# Some help with a X-Ray astronomy question please

• Maitreya
In summary, the astronomer takes a spectrum of a distant quasar using a 4m telescope. With an exposure time of one hour, the optical spectrum contains about 10,000 photons. The source emits 1/10 as much power in the X-ray band as it emits in the optical band. The astronomer manages to get a 30 kilosecond observation with an X-ray observatory that has an effective area of 1000 cm2. Assuming that the effciency of the telescope and spectrograph combination is 30%, how many photons will the resulting X-ray spectrum contain?
Maitreya
I've got to solve this problem and I am having quite an hard time figuring out how... Sorry, but I think I need help:

"An astronomer takes a spectrum of a distant quasar using a 4m telescope. With an exposure
time of one hour, the optical spectrum contains about 10,000 photons. The source emits 1/10
as much power in the X-ray band as it emits in the optical band. The astronomer manages to
get a 30 kilosecond observation with an X-ray observatory that has an e ffective area of 1000
cm2.
Assuming that the effciency of the telescope and spectrograph combination is 30%, how
many photons will the resulting X-ray spectrum contain?"

As far as I understand, What I should do here is
1) to compare the two telescopes as if they had the same area and the same exposure time, so that I can infer how many optical photons the optical telescope would have gathered if it had the area and the exposure time of the X-Ray one.
2) Then, I would take 1/10th of this result (the source is emitting 1/10 of Xray photons as compared to the optical ones) which will tell me the theoretical number of X-Ray photons the X-Ray telescope would have gathered with perfect efficiency.
3) But knowing that the efficiency was only the 30%, I could have an estimate of the number of photons actually detected in the X-Ray spectrum.

Problem is, I have no idea how to calculate step 1)

Any suggestions?

Thanks a lot.

Step 1 is just to calculate the number of photons/m^2/second on each telescope
(Be careful with the units)

You mean that if I calculate the photons per m^2 per second for the optical one whatever result I'll get the 1/10th of that number will be the photons per m^2 per second of the X-Ray one?

Yes.

Guys, thanks a lot. Really appreciate. I'm happy to have discovered this forum, and I'll hopefully be able to actually help someone one day :)

## 1. What is X-Ray astronomy?

X-Ray astronomy is a branch of astronomy that studies objects in the universe by detecting and analyzing the X-rays they emit. X-rays are a form of electromagnetic radiation with high energy and short wavelengths, and they are produced by extremely hot and energetic objects such as black holes, neutron stars, and supernova remnants.

## 2. How do X-rays help us understand the universe?

X-rays provide valuable information about the composition, temperature, and motion of objects in the universe that cannot be observed through visible light. This allows us to study extreme objects and phenomena, such as black holes and supernovas, and gain a better understanding of the physical processes that govern the universe.

## 3. What is the difference between X-ray astronomy and other forms of astronomy?

The main difference between X-ray astronomy and other forms of astronomy, such as visible light or infrared astronomy, is the type of radiation that is being studied. X-ray astronomy focuses on the detection and analysis of X-rays, while other forms of astronomy study different wavelengths of electromagnetic radiation. Each form of astronomy provides unique insights into the universe.

## 4. What are some common tools and techniques used in X-ray astronomy?

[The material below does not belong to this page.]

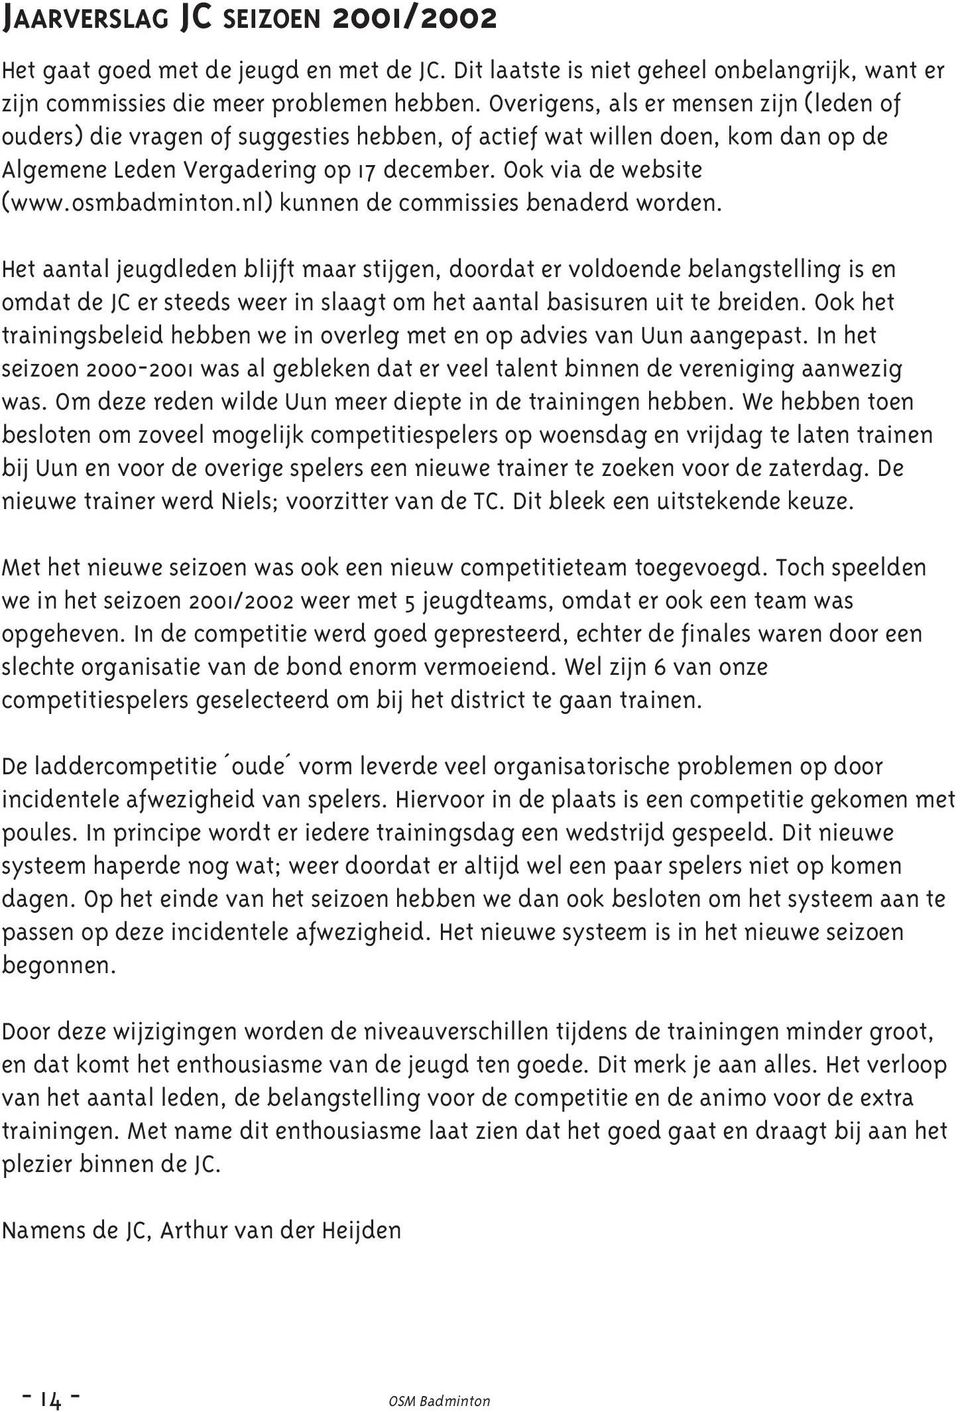 osmbadminton.nl) kunnen de commissies benaderd worden.

X-ray telescopes, such as the Chandra X-ray Observatory and the XMM-Newton spacecraft, are the primary tools used in X-ray astronomy. These telescopes use special mirrors and detectors to collect and analyze X-rays from space. X-ray spectroscopy, imaging, and timing are some of the techniques used to study X-rays from celestial objects.

## 5. What are some current research topics in X-ray astronomy?

Some current research topics in X-ray astronomy include the study of black holes and their effect on their surrounding environments, the formation of galaxy clusters and groups, and the detection of hot gas in galaxy clusters. Other topics include the search for dark matter, the study of supernova explosions, and the investigation of X-ray emission from neutron stars and white dwarfs.